Маргарита осторожно положила ребенка рядом со мной, и я в первый раз, не без некоторой робости, взглянула на личико своего нетерпеливого сынишки. Он был весь спелёнутый, как крохотная мумия, и, честно говоря, сейчас далеко не блистал красотой, был даже страшненький, как все недоношенные младенцы, но выглядел чрезвычайно умилительно. Я склонилась, нежно коснулась губами его щечки.
— Скоро ему захочется кушать, — сказала Маргарита. — Повивальная бабка помазала ему язычок медом, чтобы у него появился аппетит.
Это был деревенский бретонский обычай. Я видела, как иронично сверкнули глаза доктора за стеклами очков.
— Ах, Боже мой, — прошептала я, — у меня опять нет молока.
— Чепуха, — заявила Маргарита. — Ни одна знатная дама не станет сама кормить ребенка. В округе найдется с десяток бретонок, которые сочтут за честь быть молочной матерью будущего герцога дю Шатлэ. Правильно я говорю, господин доктор?

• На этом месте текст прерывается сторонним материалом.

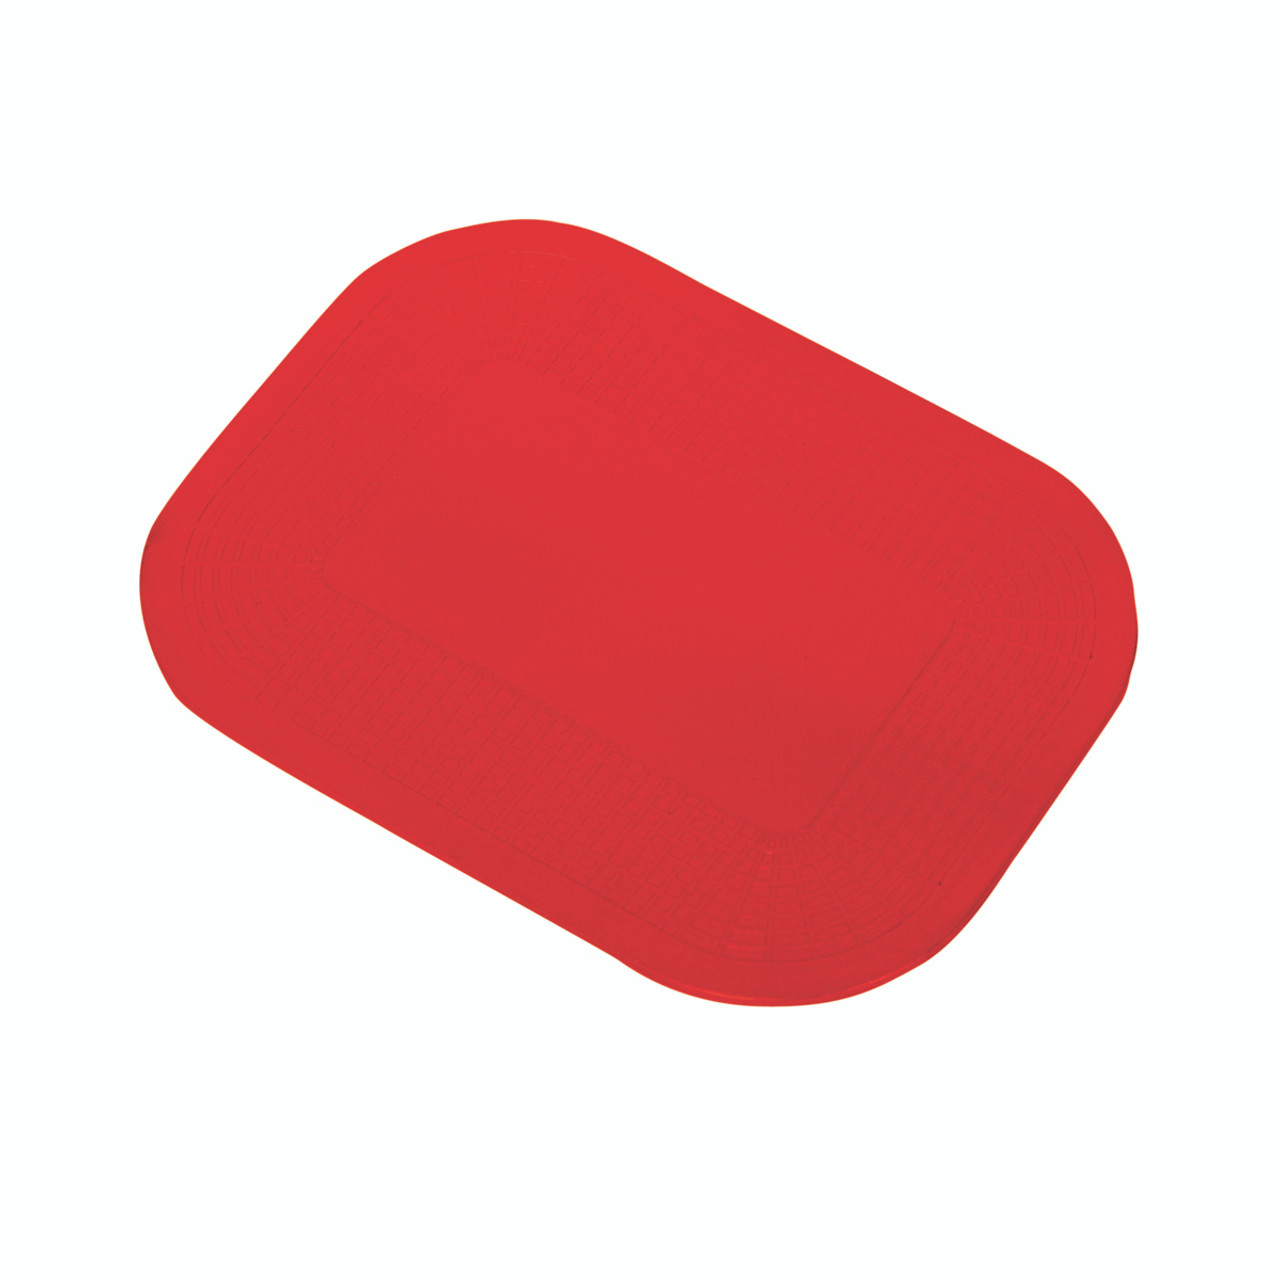 Dycem¨ non-slip rectangular pad, 15"x18", red

— Постарайтесь выбрать лучшую из них, милейшая, — посоветовал он. — А что касается вас, мадам, то, разумеется, вам не следует вставать с постели. Я останусь здесь на ночь, на тот случай, если произойдет еще какая-нибудь неприятность.
— Элизабет приготовит вам комнату, сударь…
«Мальчик, — подумала я с нежностью. — Ах, похоже, что этот ребенок заберет себе ту частицу моего сердца, что принадлежала раньше Жану».
— Герцог не вернулся? — спросила я с надеждой, обращаясь к Маргарите.
— Нет, милочка. Мы уж и искать его послали. Он ведь еще, наверное, не знает, что тут случилось.
Я устало прошептала:
— Меня ужасно клонит в сон… Я, наверное, усну, Маргарита.
— Да о чем речь? Спите сколько угодно. Я никому не позволю вас тревожить. Мы только перенесем вас из гостиной в спальню, но мы это тихонько сделаем, вы даже не почувствуете…
«Какой сегодня день? — подумала я, уже засыпая. — Ах, да, 18 апреля 1797 года… Боже мой, как хорошо, что наш малыш родился прямо на Пасху! Это хороший знак… Просто, можно сказать, счастливая звезда…»
С этой мыслью я и уснула.
На следующее утро, когда я проснулась, первым, что я увидела, было лицо Александра.
Он сидел рядом, держа мою руку в своих. Сидел, вероятно, довольно долго.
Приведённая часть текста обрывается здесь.